Blogs on Document Processing and OCR Technology

When Document Capture Intelligence Isn't So Intelligent

Written by Brad Blood | December 24, 2019

So your machine learning model seems accurate based on what you've fed it.

But what will happen when you feed it something new? And will the results be explainable?

You've heard of "black box" algorithms - mysterious AI where you're given results, but with no idea of how those results were obtained.

So... what's going on behind the scenes? And what would it look like if you were to shine a light into that black box into your document capture system?

How Document Capture Really Works

Weightings play a huge role. In the example of intelligent document processing — where you need classification or to identify contract clauses, provisional statements, or particular attributes — results are all tied to the frequency of features, words, or groups of words. 

Want to know why a result was presented? Look at the weightings.

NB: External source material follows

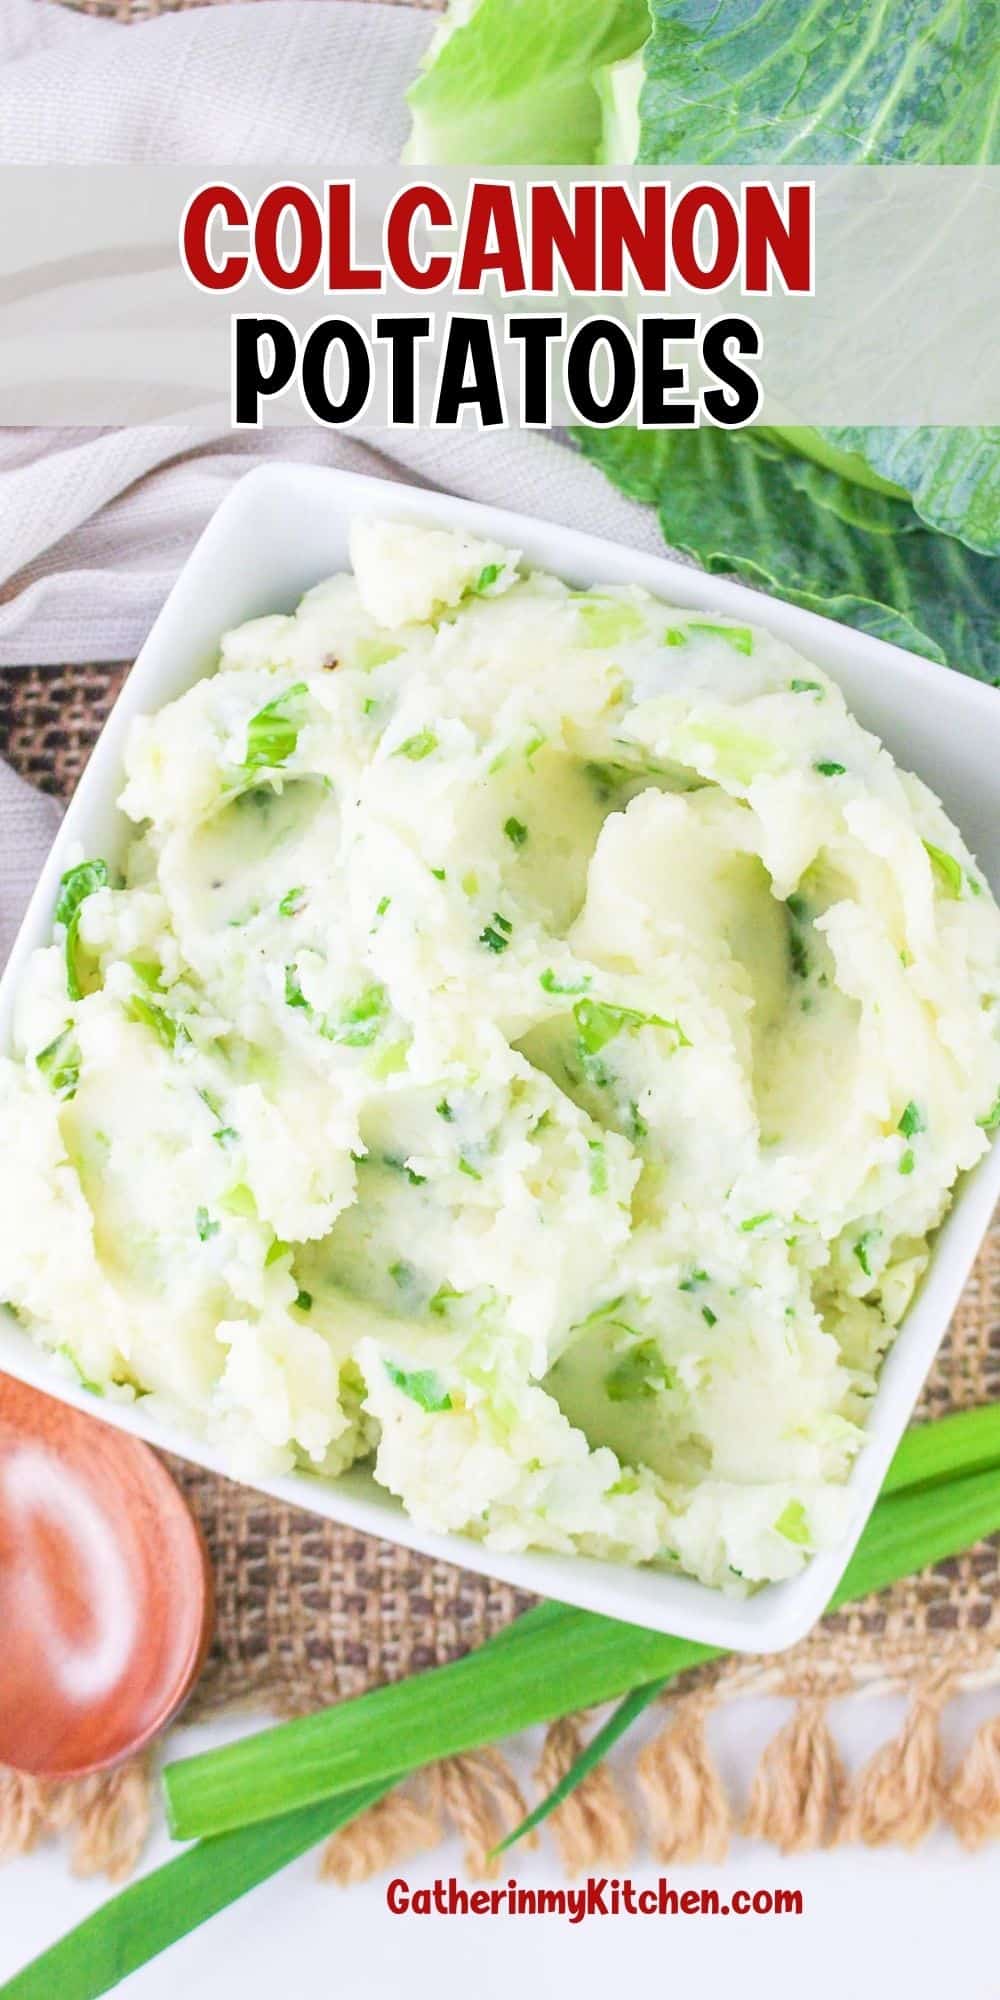 Pin image: colcannon potatoes with the words "colcannon potatoes" over the top.

As machine learning models are trained, a numerical value is assigned to features, to determine what a document is and what's contained within it.

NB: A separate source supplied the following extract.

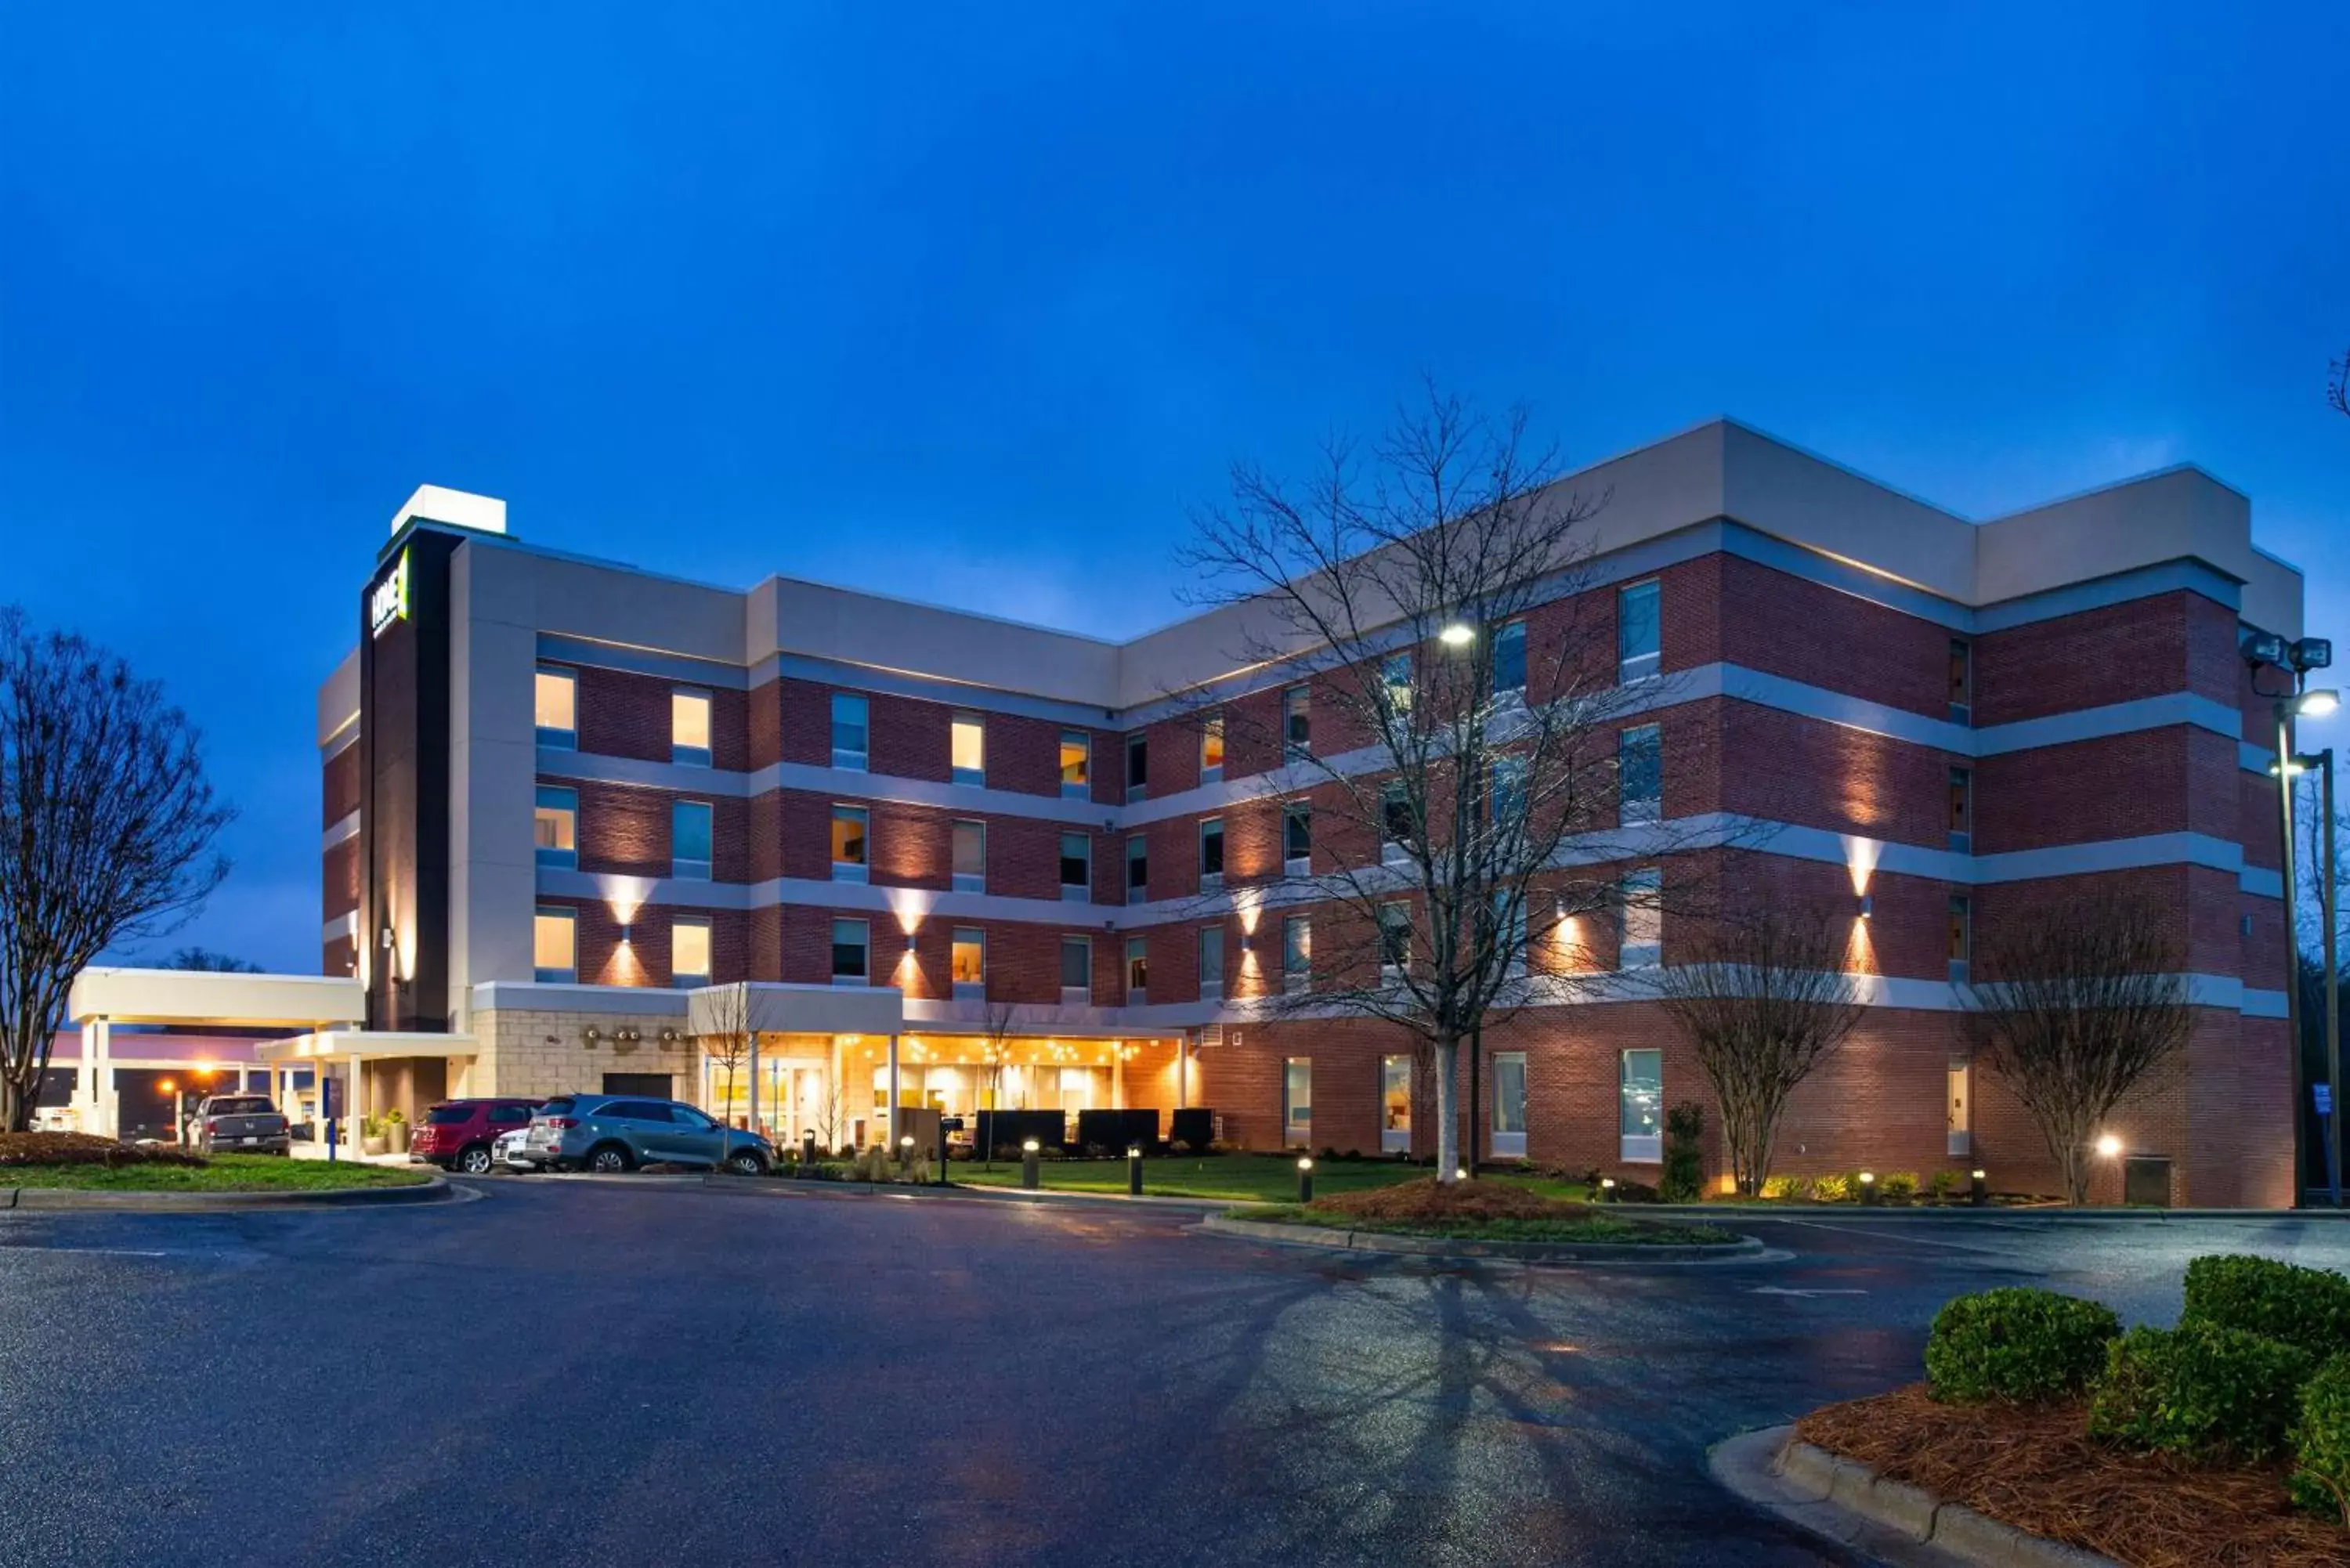 Property Building in Home2 Suites By Hilton Charlotte Mooresville, Nc

Here's a brief video that shows the benefit of exposing weightings in the Grooper software platform:

If this were a black box solution, you would be presented with the option to train (maybe), but certainly no options to see the behind-the-scenes weightings.

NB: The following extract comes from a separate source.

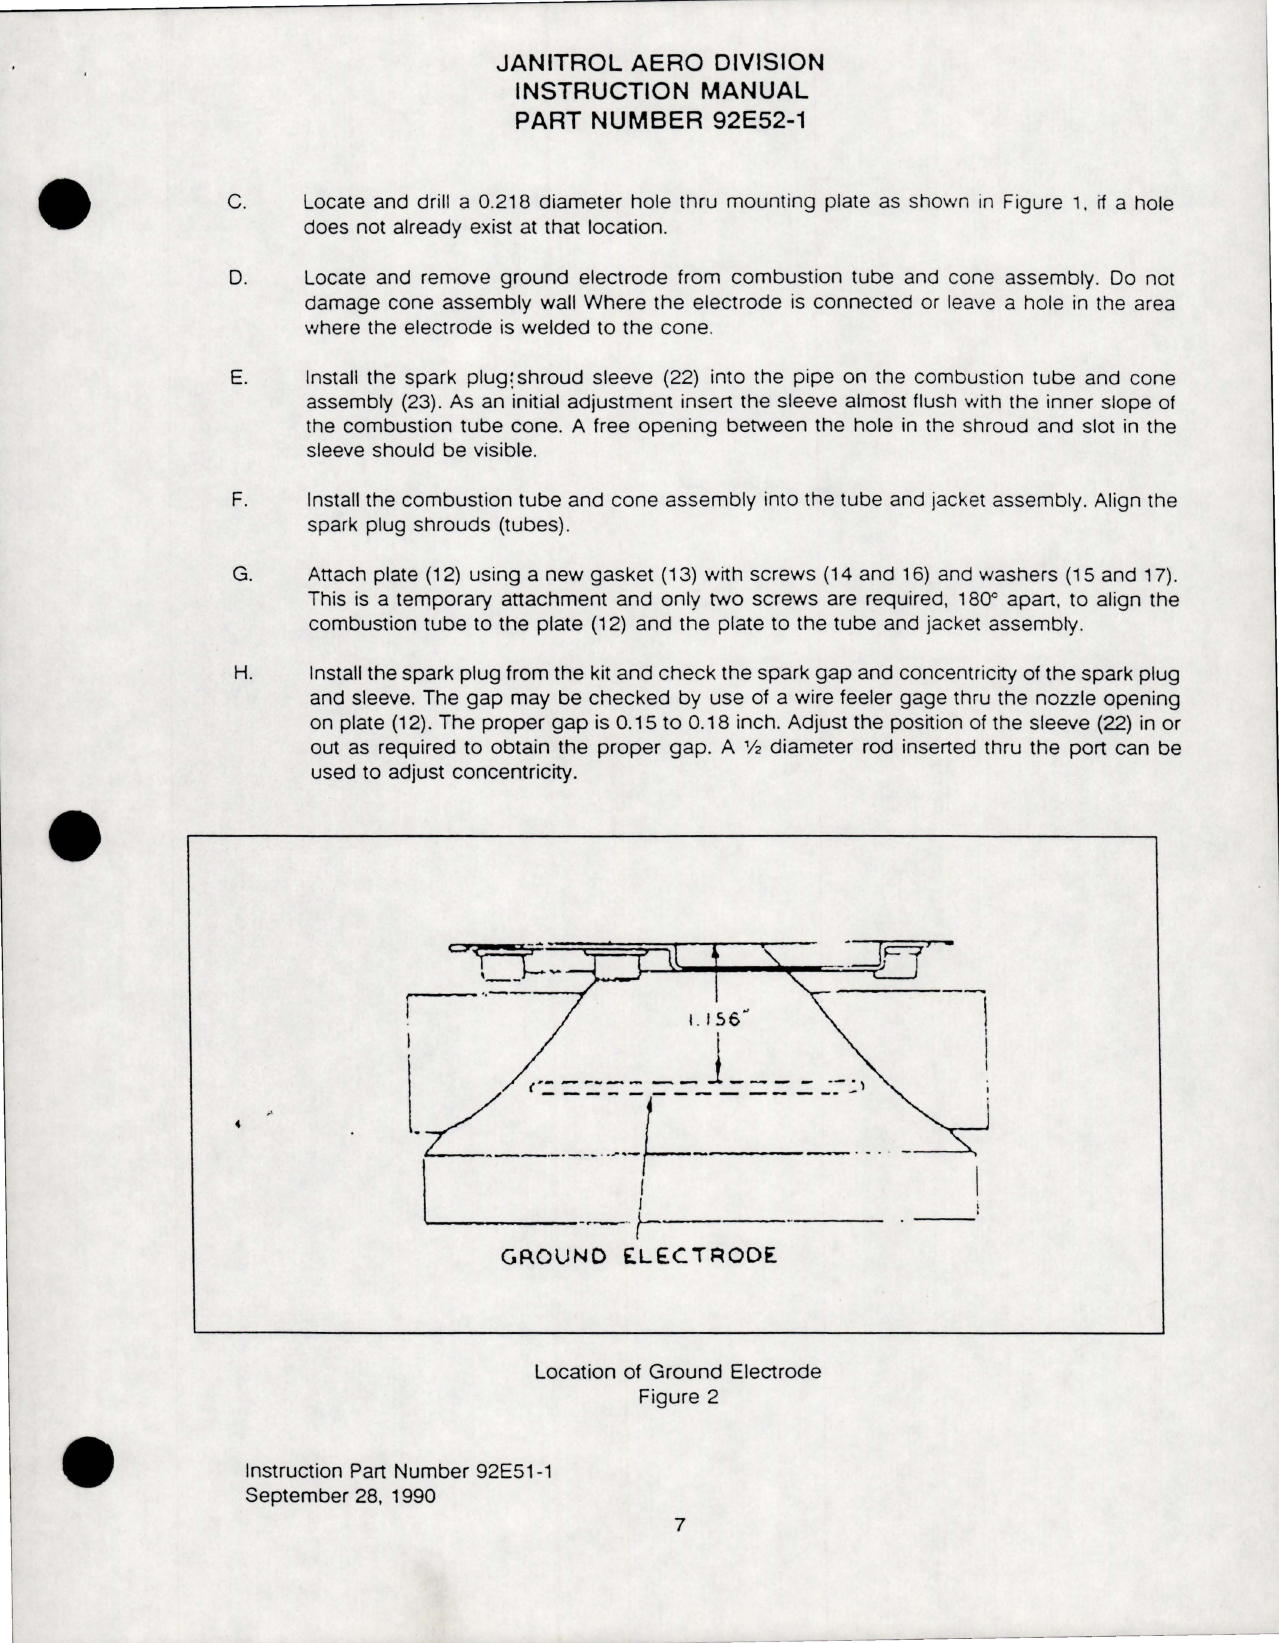 Sample page 7 from AirCorps Library document: Modification Instructions for Heater Modification Kit - Part 92E52-1

After training the machine learning model with a sample set of documents, you would expect good results on new documents the model has never seen.

But if your results were not acceptable, what would you do?

Sometimes too much training is too much of a good thing. By not seeing training results, it is possible to over-train and create a bad model (under-training is also bad!).

Why Some Document Capture Software is Very Weak

If you have a purpose-built (A.KA. black box) software performing document analysis, and wonder why it's capabilities are so limited - the answer is simple: the software is only designed to work within a constrained set of parameters.

This means it's limited to only specific document types, and will only extract data it was explicitly trained on.

For some use-cases, black box algorithms function just fine. However, as needs change, and business outcomes demand deeper answers on new (or existing) data-sets, finding a new tool may be in order.

What To Do if Your Software is Lackluster

Look for a solution with transparent A.I. - that shows the weightings and results of the actual machine learning training.

This will give you the upper hand in intelligent document classification, and extracting exactly the information you're looking for.